Summary by CodeRabbit

Release Notes

  • New Features

    • Added --backend CLI flag to specify agent execution backend ("native" or "claude-code")
    • Implemented Claude Code backend for pipeline execution with support for MCP server attachments, permission modes, tool allow/deny lists, and budget configuration
  • Documentation

    • Added design specification and implementation plan for Claude Code backend integration

harperreed and others added 14 commits March 26, 2026 06:59
Spec for two new activation paths:
1. Per-node: provider: "claude-code" in .dip files
2. Global: --backend claude-code CLI flag

Uses partio-io/claude-agent-sdk-go to delegate agent nodes to Claude
Code CLI sessions with full MCP, tools, and ecosystem access.

Co-Authored-By: Claude Opus 4.6 (1M context) <noreply@anthropic.com>
Major revisions based on feedback from 5-reviewer panel:

- Drop third-party SDK dependency (Dependency Hawk): write internal
  ~300 line wrapper instead of depending on 21-day-old single-maintainer repo
- Backend platform abstraction (Yegge): AgentBackend interface so
  adding backend #3 is config, not code. One handler, multiple backends.
- No registry aliasing needed: backend selection inside codergen handler
- No build tags: zero external deps, always compile
- Concrete error mapping: exit codes, stderr patterns, outcome rules
- Subprocess lifecycle: process group kill, orphan prevention, concurrency
- Honest observability: document what's degraded, show "—" not zeros
- MCP server parsing rules with all edge cases
- Backend selection precedence: node > flag > default
- Platform constraints: Linux/macOS only, CLI version check

Co-Authored-By: Claude Opus 4.6 (1M context) <noreply@anthropic.com>
Key changes from 7-reviewer panel:
- Use agent.Event and agent.SessionResult directly (no new types)
- Separate backend: attr from provider: (no semantic overload)
- Split AgentRunConfig common + Extra any for backend-specific config
- SIGTERM then SIGKILL (graceful shutdown for MCP connections)
- Minimal subprocess env (prevent credential leakage)
- Specific stderr patterns with priority order for error classification
- Explicit goroutine contract for NDJSON streaming
- Pipeline-level budget accumulator
- Document dippin-lang prerequisite for .dip activation path
- Permission mode typed enum, default fullAuto for headless use
- Lazy CLI version check to avoid startup latency

Co-Authored-By: Claude Opus 4.6 (1M context) <noreply@anthropic.com>
8 tasks with dependency graph:
1. AgentBackend interface + config types
2. Extract shared ResolvePrompt
3. NativeBackend (wraps agent.Session)
4. Refactor CodergenHandler to use backends
5. ClaudeCodeBackend (CLI subprocess, NDJSON)
6. --backend CLI flag
7. Dippin adapter support
8. Integration test + rebuild

Tasks 1-3 are parallelizable. Task 4 is the key refactoring.
Task 5 is the new capability. Tasks 6-8 wire it up.
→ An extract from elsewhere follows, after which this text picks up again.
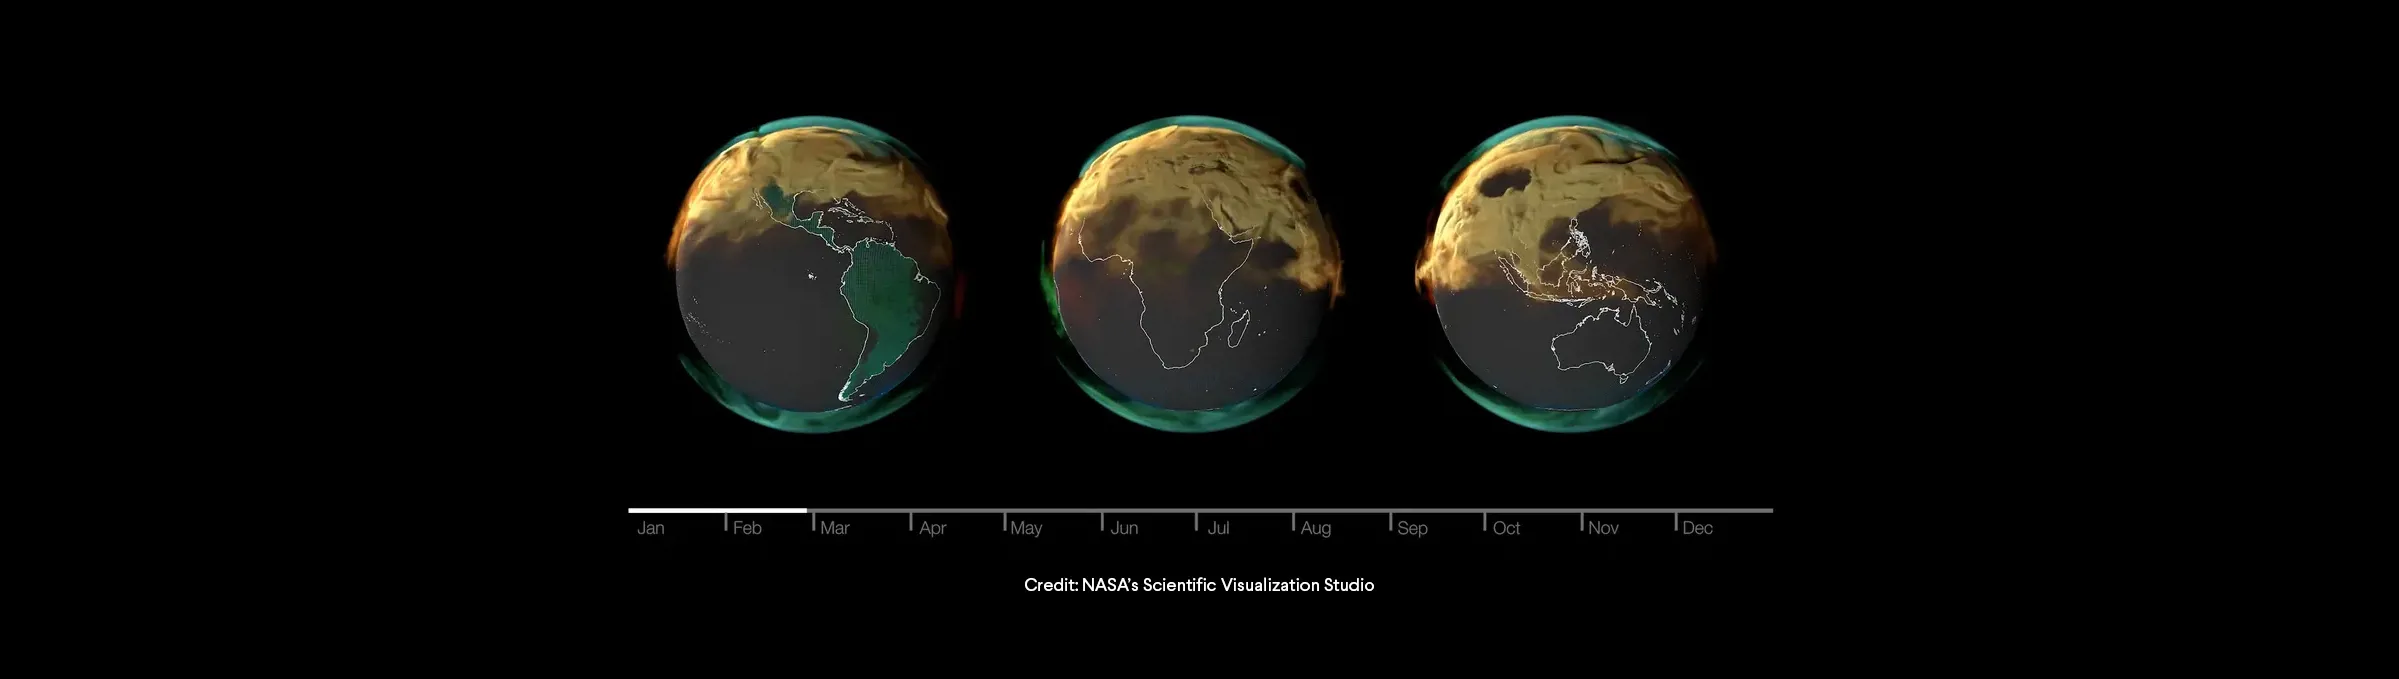 Striking NASA videos reveal alarming buildup of CO2 emissions in our atmosphere

Co-Authored-By: Claude Opus 4.6 (1M context) <noreply@anthropic.com>
Introduces AgentBackend interface for pluggable execution backends,
AgentRunConfig for common session config, ClaudeCodeConfig for
Claude Code-specific settings, PermissionMode validation, MCP server
parsing, and tool list validation helpers.
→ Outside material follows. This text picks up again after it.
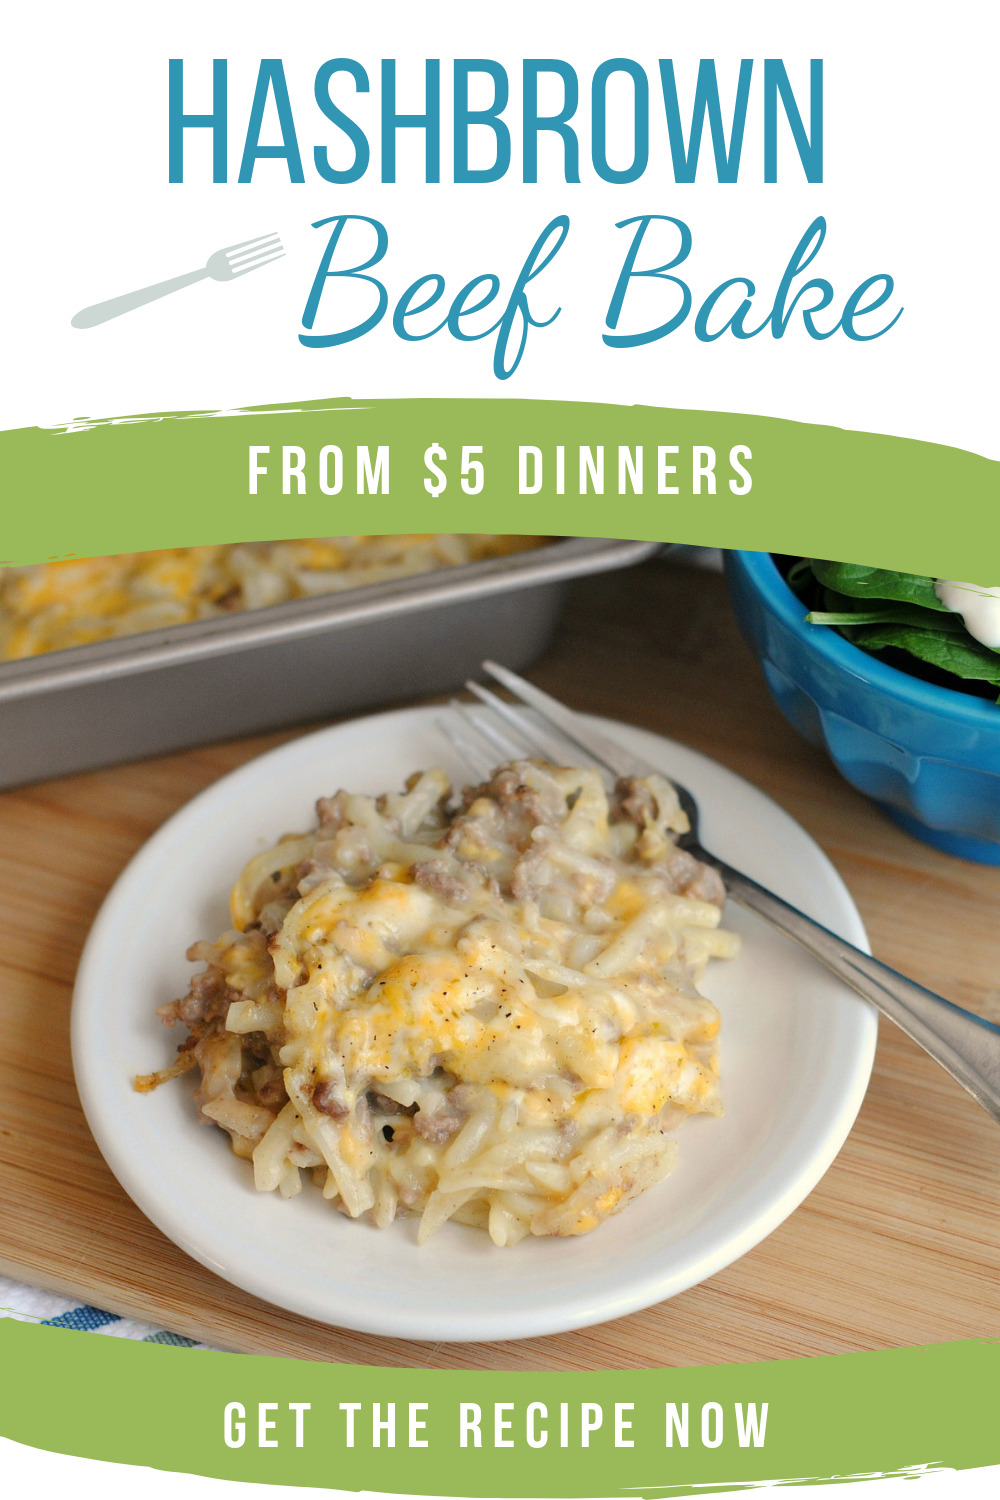 Delicious Make-Ahead Recipe for Hashbrown Beef Bake

Co-Authored-By: Claude Sonnet 4.6 <noreply@anthropic.com>
Extract the private resolvePrompt method from CodergenHandler into a
public ResolvePrompt function in prompt.go. The codergen handler now
delegates to the shared function. This enables other backends (e.g.
ClaudeCodeBackend) to reuse the same prompt resolution logic.

Co-Authored-By: Claude Opus 4.6 (1M context) <noreply@anthropic.com>
Implements the AgentBackend interface using the built-in agent.Session.
Translates AgentRunConfig fields (model, provider, max_turns, system_prompt,
working_dir) into SessionConfig and forwards events via the emit callback.
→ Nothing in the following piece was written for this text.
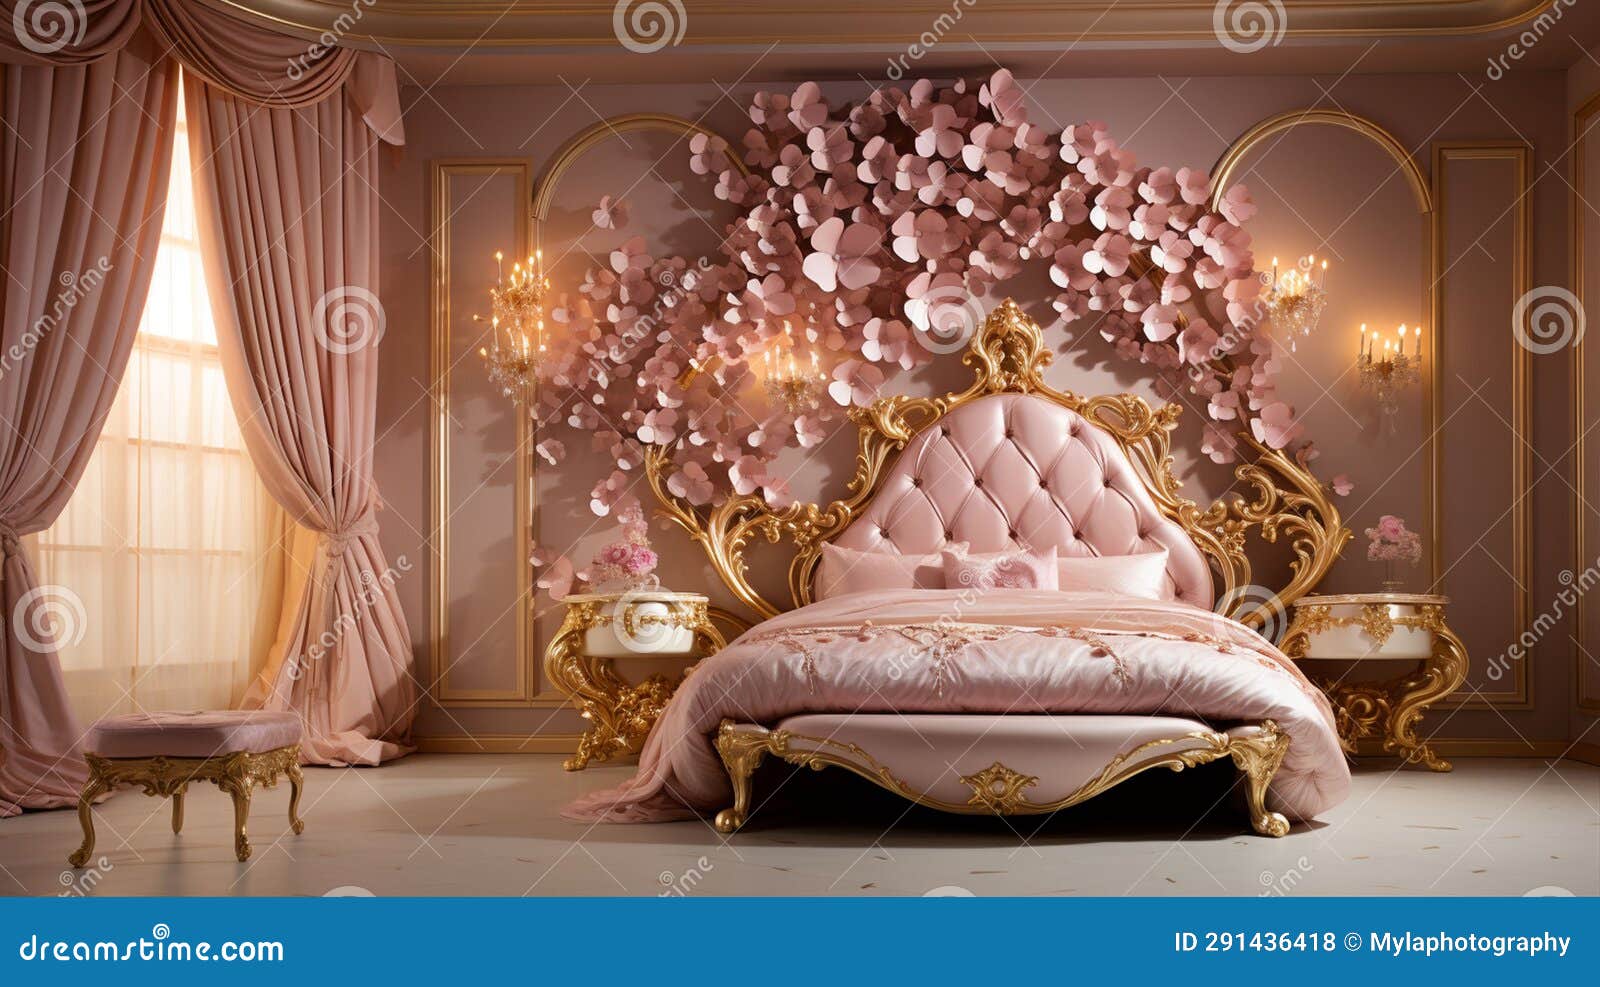 gold leaf bed adorned with pink flowers

Co-Authored-By: Claude Opus 4.6 (1M context) <noreply@anthropic.com>
CodergenHandler now selects and delegates to an AgentBackend for session
execution instead of creating agent.Session directly. Adds selectBackend()
with node-attr and global-default resolution, buildRunConfig() to translate
node config into AgentRunConfig, and WithDefaultBackend registry option.

NativeBackend accepts full SessionConfig via Extra field to preserve all
config fields (reasoning effort, caching, compaction, etc.).

Co-Authored-By: Claude Opus 4.6 (1M context) <noreply@anthropic.com>
Implements pipeline.AgentBackend by spawning the claude CLI as a
subprocess, parsing NDJSON stream output, and emitting agent.Event
objects. Includes error classification, minimal env construction,
MCP server config, and two-phase process shutdown.

Co-Authored-By: Claude Opus 4.6 (1M context) <noreply@anthropic.com>
Adds --backend CLI flag to select the agent execution backend.
Valid values are "" (default/native), "native", and "claude-code".
Invalid values produce a clear error message and exit 1.
Threads the backend value through to handlers.WithDefaultBackend in
both run and runTUI registry construction paths.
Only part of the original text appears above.